Lee la columna escrita por Carlos Contreras Carranza investigador principal del IEP, en el diario El Comercio ► http://bit.ly/3O8Umuq
Esta semana se ha rememorado la masacre de Juliaca, en la que un año atrás murieron 19 personas y resultaron heridas más de un centenar, con ocasión del ataque al aeropuerto de la ciudad, punto neurálgico de la comunicación regional. Pero en estos días se ha cumplido también un siglo de unos sucesos mucho más cruentos y esperpénticos, que la historiografía conoce como la rebelión de Huancané, una de las provincias más antiguas del departamento de Puno.
Cien años atrás, la región del sur sufría el paulatino colapso de lo que durante media centuria había sido el nervio de su economía y el eje de su modernización productiva: la exportación de lana de oveja y fibra de camélidos. Golpeada por la introducción de la lana artificial, los ganaderos del sur nunca pudieron recuperarse y las lanas salieron del elenco de las principales exportaciones nacionales después de la Primera Guerra Mundial. Pero durante su apogeo, entre 1870 y 1920, el negocio lanero desató un voraz apetito por los pastos en los departamentos de Cusco y Puno, que llevó a la expansión de las haciendas sobre tierras que antaño pertenecieron o eran utilizadas por comunidades campesinas.

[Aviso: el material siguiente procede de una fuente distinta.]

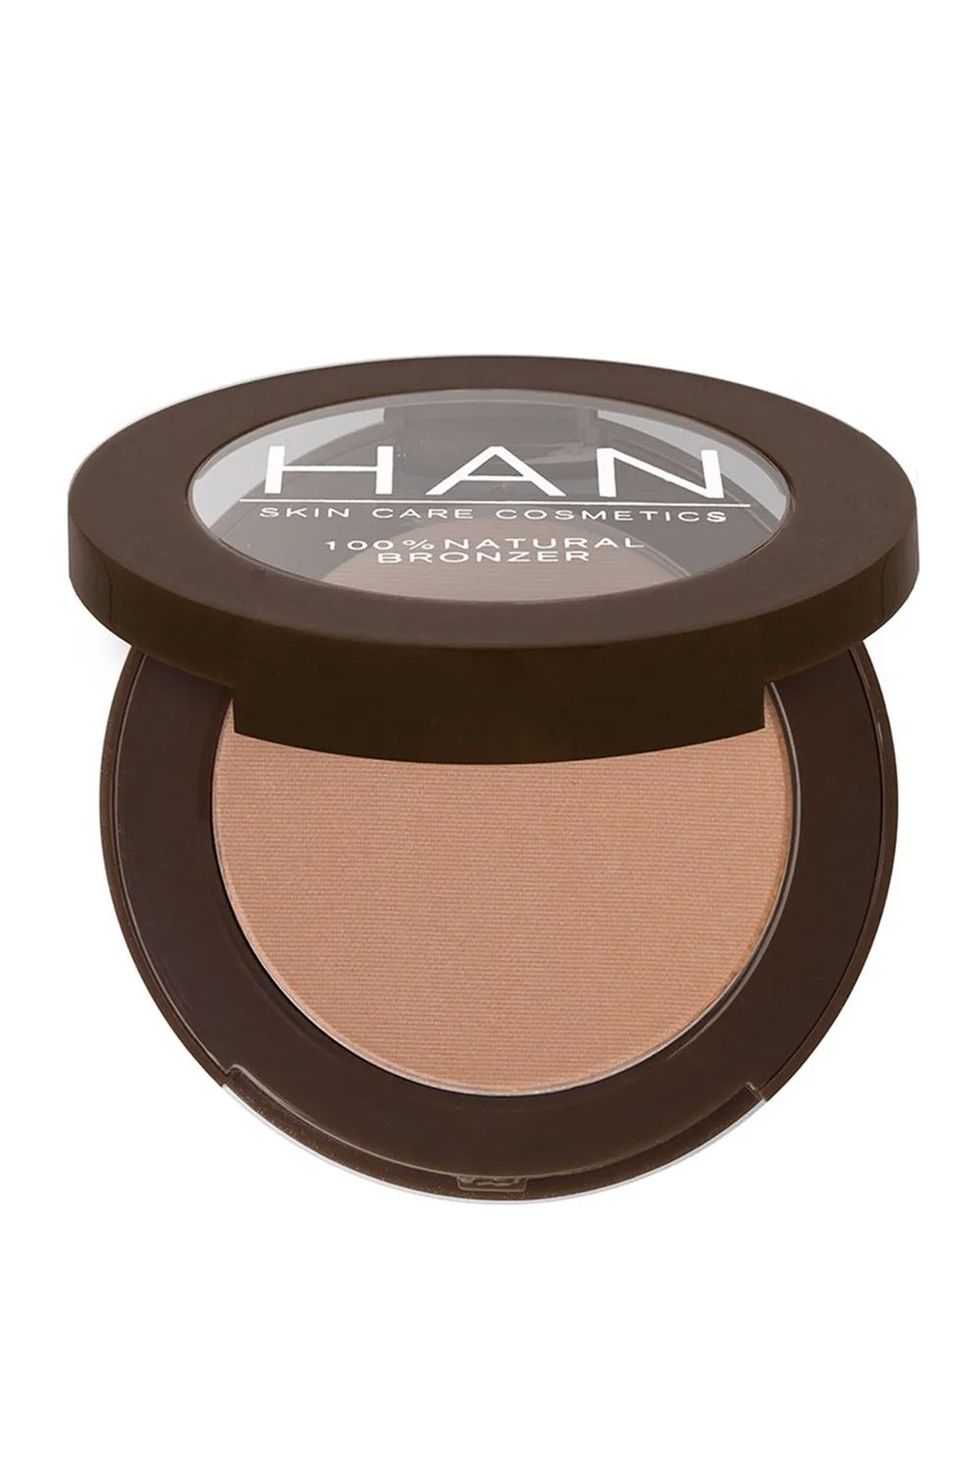 Han Skin Care Cosmetics 100% Natural Bronzer

Dicha expansión provocó una secuela de rebeliones en Puno desde 1915, así como la aparición en Lima de organizaciones preocupadas por la defensa de los recursos indígenas, como la Asociación Pro Derecho Indígena Tahuantinsuyo. Pero quizás más perturbador que el latifundismo fue el gamonalismo, que consistía en la imposición a la población campesina de faenas o trabajos en favor de las autoridades locales, como el juez de paz, el gobernador del distrito o el cura. Tales trabajos no eran remunerados, o lo eran con dádivas, puesto que se entendían como un tributo de los indios a las autoridades estatales o religiosas. Liberados del tributo indígena en 1854, la obligación de conducir la correspondencia de las autoridades, traer alcacer para los caballos del gobernador o limpiar la plaza del pueblo, vino a reemplazar a la antigua gabela. Las autoridades locales justificaban estas prácticas con el argumento de que sus oficinas carecían de presupuesto y que ellos mismos ejercían sus oficios de forma graciosa; es decir, sin percibir un salario.
¿Por qué esta acción desafiante, pero pacífica se tornó en diciembre de 1923 y enero de 1924 en una rebelión violenta? Es fuente de debate entre los historiadores regionales. Unos hablan de instigadores mistis que, deseosos de justificar una acción represiva y destructora del nuevo pueblo, movieron a los campesinos a la rebelión. Otros, de un doble juego de los dirigentes, que, por un lado, buscaban apoyo oficial, pero, por el otro, procuraban forjar una nueva república donde toda la tierra fuera solo de los indios y se expulsara a los terratenientes blancos y mestizos. El hecho es que, ante la rebelión abierta, en la que los campesinos marcharon a tomar la villa de los mistis de Huancané (que sería el equivalente del aeropuerto de Juliaca de nuestros tiempos), el prefecto del departamento despachó tropas del ejército que la aplastaron, dejando un saldo de víctimas mortales que el historiador Nils Jacobsen ha estimado en dos mil y José Luis Rénique, en mil. Como fuere, parece que, al menos en la cantidad de víctimas, las cosas habrían mejorado en el último siglo.
Jacobsen traza, asimismo, una conclusión interesante: aunque el objetivo de una nueva república solo india o un nuevo Tahuantinsuyo, si lo hubo, fracasó, los propósitos más concretos de conseguir un mercado libre, la erradicación de los trabajos gratuitos, la construcción de escuelas rurales y la autonomía de las comunidades y la defensa de sus tierras, tuvieron en los años siguientes enormes progresos y, en tal sentido, los rebeldes de Huancané triunfaron. Sobre la rebelión más reciente, llegará el turno de su balance.